Mas contra todas as previsões quando chegou o dia 31 de Agosto a tesouraria abriu como de costume, Coclès apareceu atrás da rede de arame, calmo como o justo Horácio, examinou com a mesma atenção o papel que lhe apresentavam e depois, da primeira à última, pagou as letras com a habitual pontualidade. Apareceram até dois reembolsos, como o Sr. Morrel previra, que Coclès pagou com a prontidão com que pagara as letras aceites pelo armador. As pessoas já não compreendiam nada e adiavam, com a tenacidade característica dos profetas da desgraça, a falência para fins de Setembro.

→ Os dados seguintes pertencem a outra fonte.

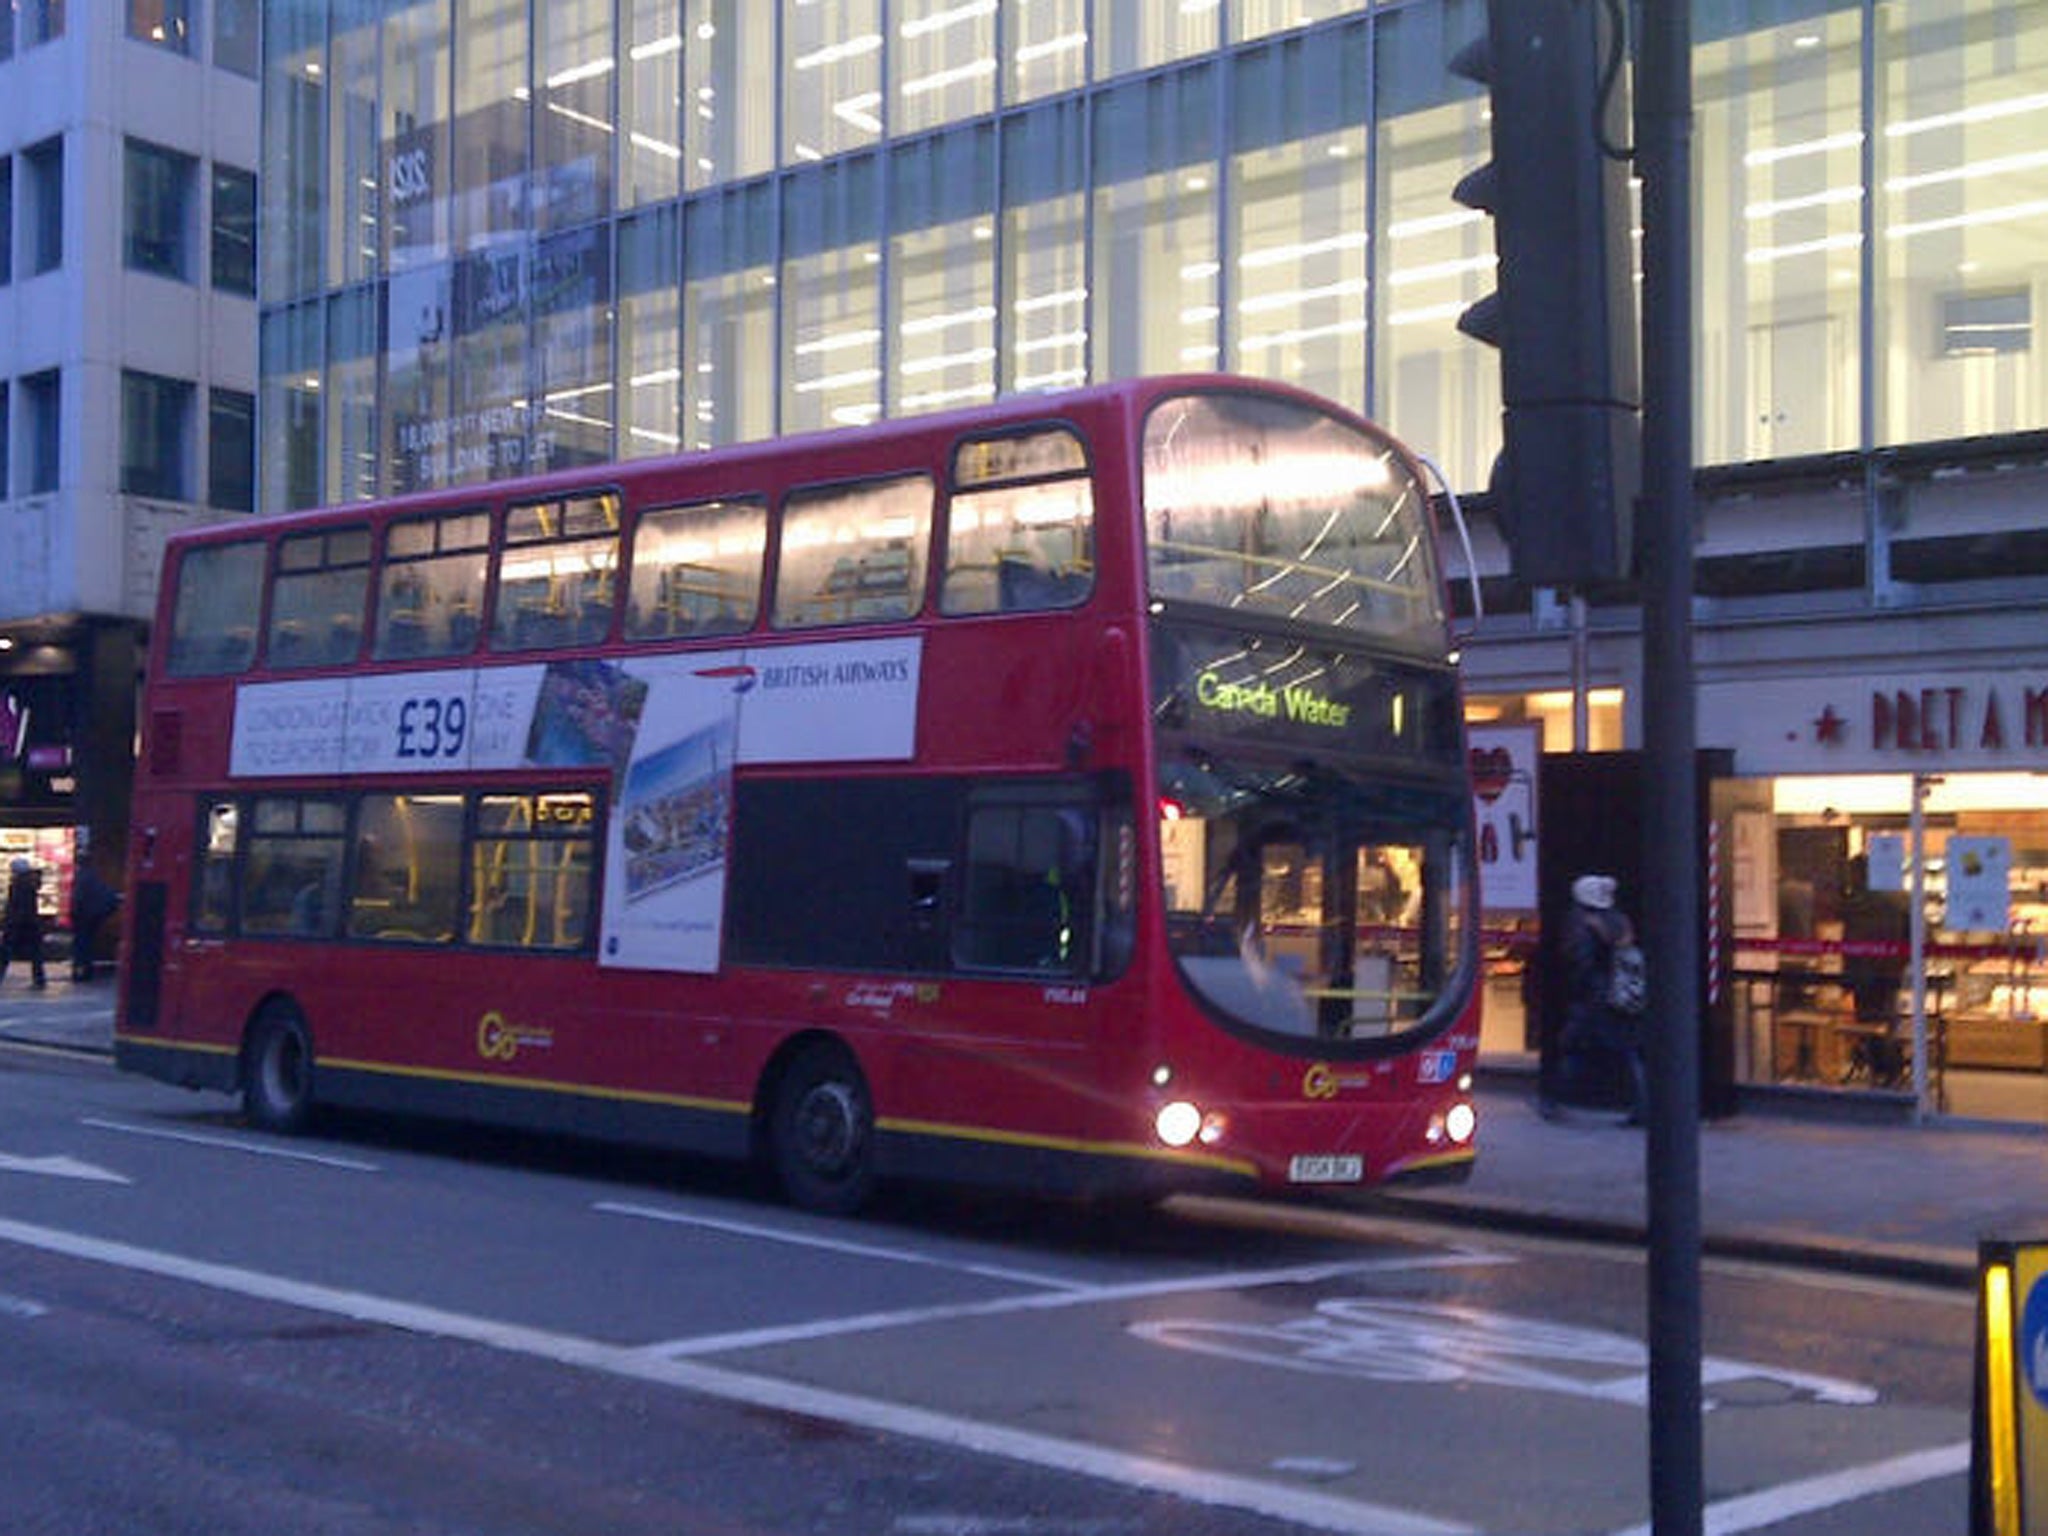 An empty No 1 to Canada Water near Holborn, but buses were rammed later in High Street Kensington

Morrel chegou no dia 1. Toda a família o esperava com grande ansiedade. Daquela viagem a Paris deveria surgir a sua derradeira oportunidade de salvação. Morrel pensara em Danglars. Actualmente milionário e noutros tempos seu protegido, pois fora graças à recomendação de Morrel que Danglars entrara ao serviço do banqueiro espanhol, em casa do qual iniciara a sua imensa fortuna. Actualmente, dizia-se, Danglars possuía seis ou oito milhões e crédito ilimitado. Podia portanto, sem tirar um escudo da algibeira, salvar Morrel: bastar-lhe-ia garantir um empréstimo e Morrel estaria salvo. Havia muito tempo que Morrel se lembrara de Danglars, mas existem repulsas instintivas de que não somos senhores e Morrel adiara tanto quanto lhe fora possível recorrer a esse meio supremo. E tivera razão, pois regressara abatido pela humilhação de uma recusa.
Mesmo assim, à chegada, Morrel não deixara escapar nenhum queixume nem proferira nenhuma recriminação. Beijara chorando a mulher e a filha, estendera a mão amiga a Emmanuel, fechara-se no seu gabinete do segundo andar e mandara chamar Coclès.

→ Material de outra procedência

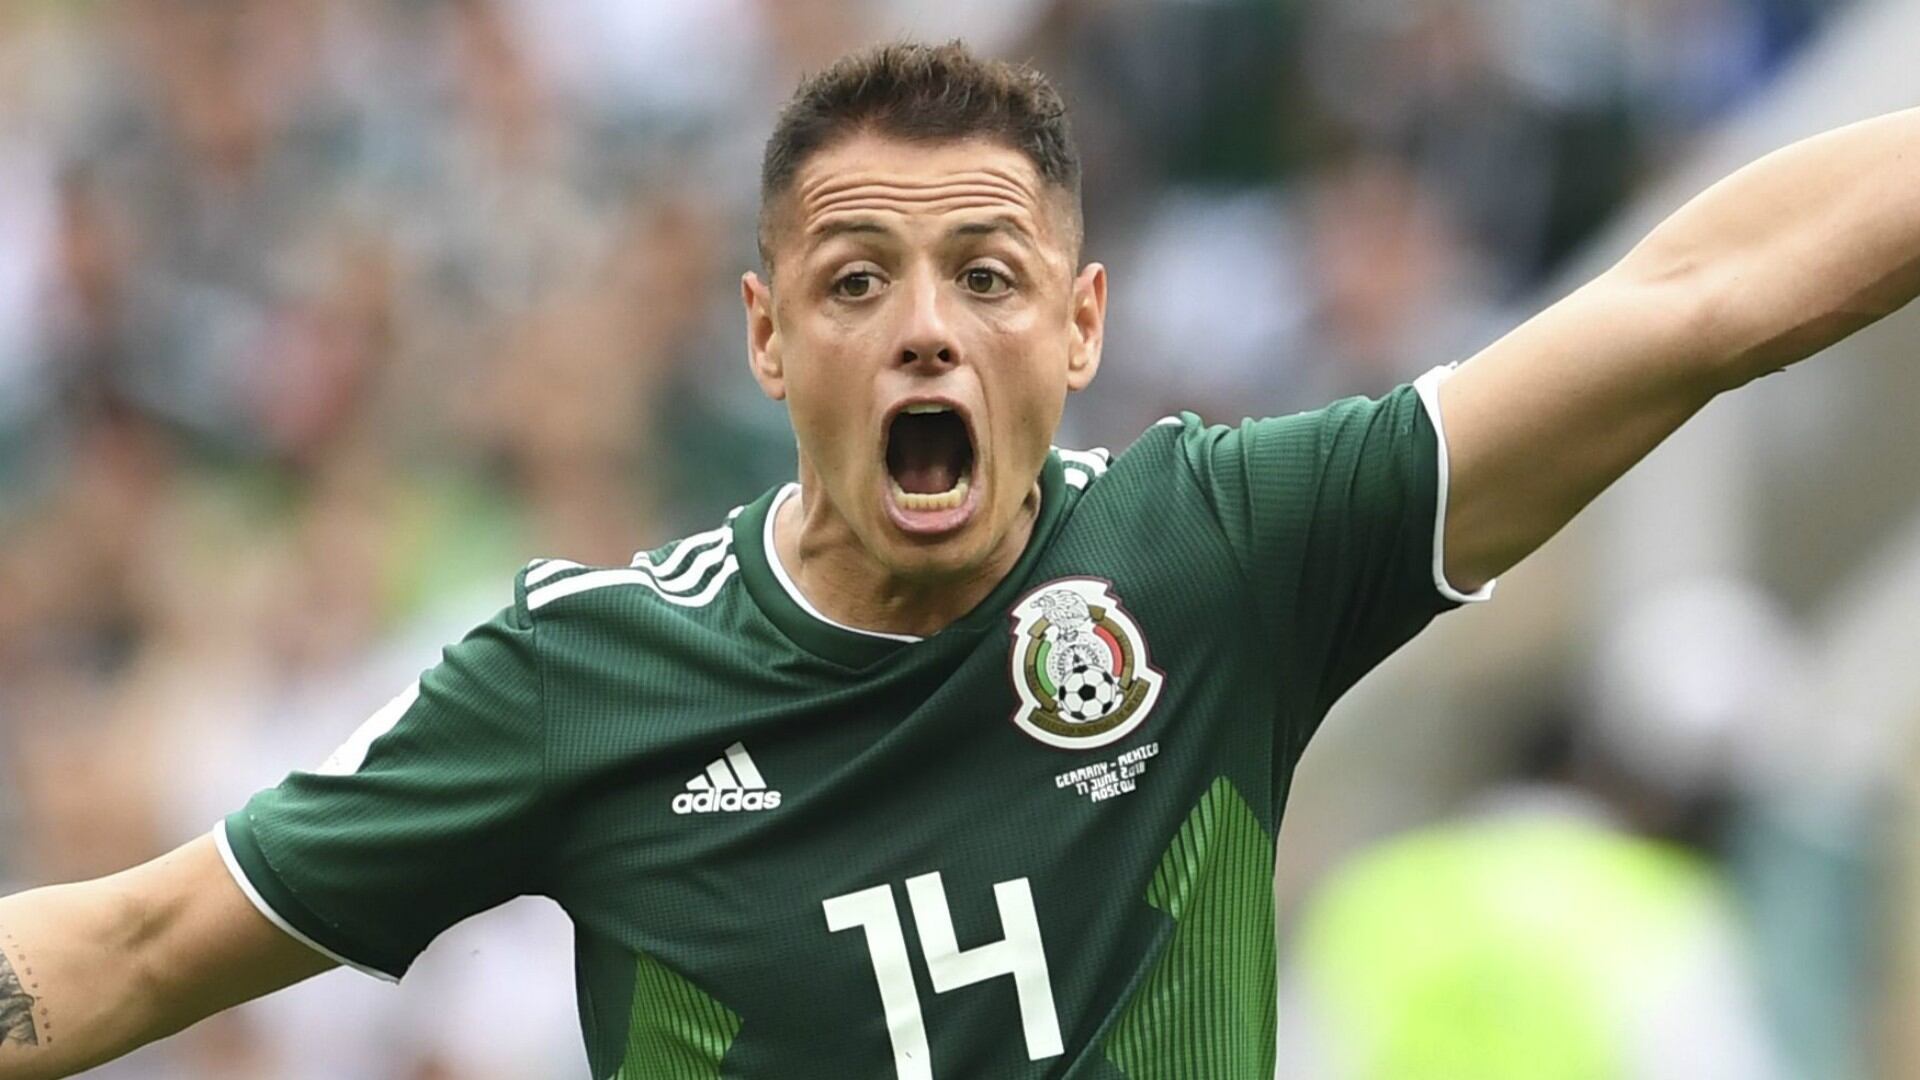 The record that Javier Chicharito Hernández will try and break in Catar 2022 with the Mexican National Team

- Desta vez, estamos perdidos - disseram as duas mulheres a Emmanuel.
Depois, num curto conciliábulo entre elas, decidiram que Julie escreveria ao irmão, de guarnição em Nîmes, para que viesse imediatamente.
As pobres mulheres sentiam instintivamente que necessitavam de todas as suas forças para aparar o golpe que as ameaçava.
Aliás, Maximilien Morrel, apesar de contar apenas vinte e dois anos, tinha já grande influência sobre o pai
Era um jovem firme e recto. Quando se tratara de abraçar uma carreira, o pai não quisera impor-lhe antecipadamente um futuro e consultara os gostos do jovem Maximilien. Este declarara então que queria seguir a carreira militar, fizera brilhantemente os estudos adequados e entrara por concurso para a Escola Politécnica e saíra de lá alferes do 53.o de linha. Havia um ano que tinha esse posto, mas tinha a promessa de ser promovido a tenente na primeira oportunidade.